Palavras repetidas

Perguntaram à John Lennon se ele achava que os Bee Gees imitavam os Beatles. John, em sua sinceridade provinciana respondeu algo parecido com isso: "são apenas sete notas, é impossível não repetir o que já foi feito antes". De maneira simplista, ele está corretíssimo, porém, há uma lógica questionável nesta afirmação. Pois, todos os dias não seriam iguais também? Com o nascer do sol, o poente e a noite? Todas as vidas não seriam iguais, com os primeiros passos, as primeiras palavras a descoberta do amor e a morte? Eu não gostaria de pensar que estamos todos num ciclo de repetições e erros e que nada vai mudar do dia anterior para o próximo. Se todos somos iguais, se nossos destinos são iguais, se todas as músicas forem iguais, desisto. Se perderia de mim a esperança. Prefiro adotar como lema a frase com que George Orwell concluiu brilhantemente o seu livro 'A Revolução dos Bichos': "Todos os animais são iguais, mas tem uns mais iguais que os outros".

Veja o que Joe Cocker fez com 'With a Litle Help From My Friends', do próprio Lennon e de McCartney. A música original, que John e Paul compuseram, era para o Ringo cantar, e é bonitinha. Para ouvir, cantarolar e balançar a cabeça. Já a versão de Joe, em nada lembra a canção original: é repleta de intensidade e dramaticidade; cantada com a sensação de desespero que só a voz arrastada de Joe Cocker poderia nos proporcionar. A "ajudinha dos amigos" parece ter passado por um moedor de carne do inferno. A versão superou a original.


Maybe someday you name will be in the light

Outro caso parecido é um clássico dos clássicos, 'Johnny B. Goode' de Chucky Berry. Vários intérpretes cantaram as desventuras de Johnny, mas a versão definitiva veio da Jamaica com Peter Tosh. Peter tocava com os Wailers, junto com Bob Marley. Enquanto Marley fumava a ganja pensando que o mundo poderia ser verde, amarelo e vermelho e que todos poderiam ser felizes, Peter tinha uma visão mais dura da realidade, tanto é que se encheu dos Wailers e foi trilhar seu próprio caminho. E seu som refletia isso, era um Reggae mais denso, mais pesado, mais 'rock'. Enquanto Marley cantava Every Little Thing Gonna Be All Right, Tosh conclamava: Get Up Stand Up: Don't Give Up The Fight! (essa referência não é justa, pois a música citada de Tosh foi composta em parceria com Marley, mas dou um braço se não foi ele quem chegou com essa frase).

A visão reggae de 'Johnny B. Goode' de Tosh é antológica. Mais uma vez a versão superou a original.

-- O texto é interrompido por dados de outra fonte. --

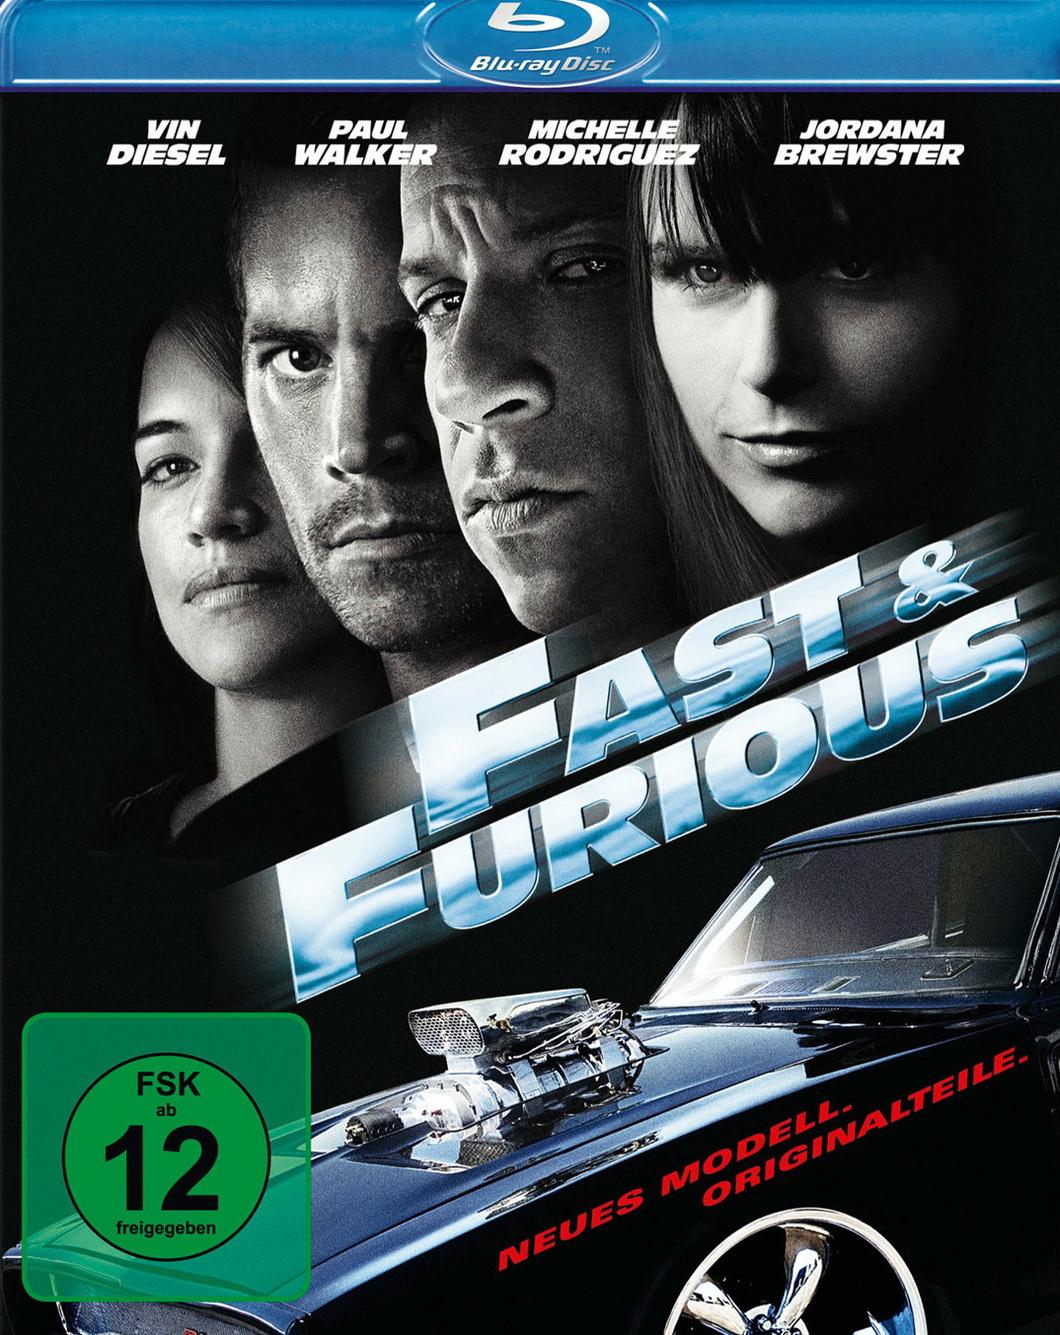 Fast & Furious 4 - Neues Modell. Originalteile.

Sobre as pegadas, eu andei

É preciso ter capacidade e sensibilidade musical para chegar ao mínimo múltiplo comum de universos tão díspares. Há nisso tudo uma irreverência que profana os velhos estandartes do rock. E quando pensamos que covers são sempre covers, e que sete notas são sempre sete notas, eis o rock, ressurgindo com leviandade a cada nova geração. Assim faz o Dread Zeppelin, cantando Led em ritmo de Reggae com um vocalista que imita Elvis; Assim faz Ana Carolina reinventando 'Eu Gosto de Mulher' do Ultraje; Assim faz o Beatalllica cujo vocalista soa como o próprio James Hetfield, misturando as músicas dos Beatles com as do Metallica. Assim como todos os dias podem ser iguais, ou não, dependendo dos olhos de quem os vê, suas versões podem, ou não, superar a original, mas são contadas como outras histórias, outras vivências. Um novo roteiro para um mundo que não pode ser apenas de repetições. Todo o dia há a esperança de um novo começo. Disso, eu não abro mão.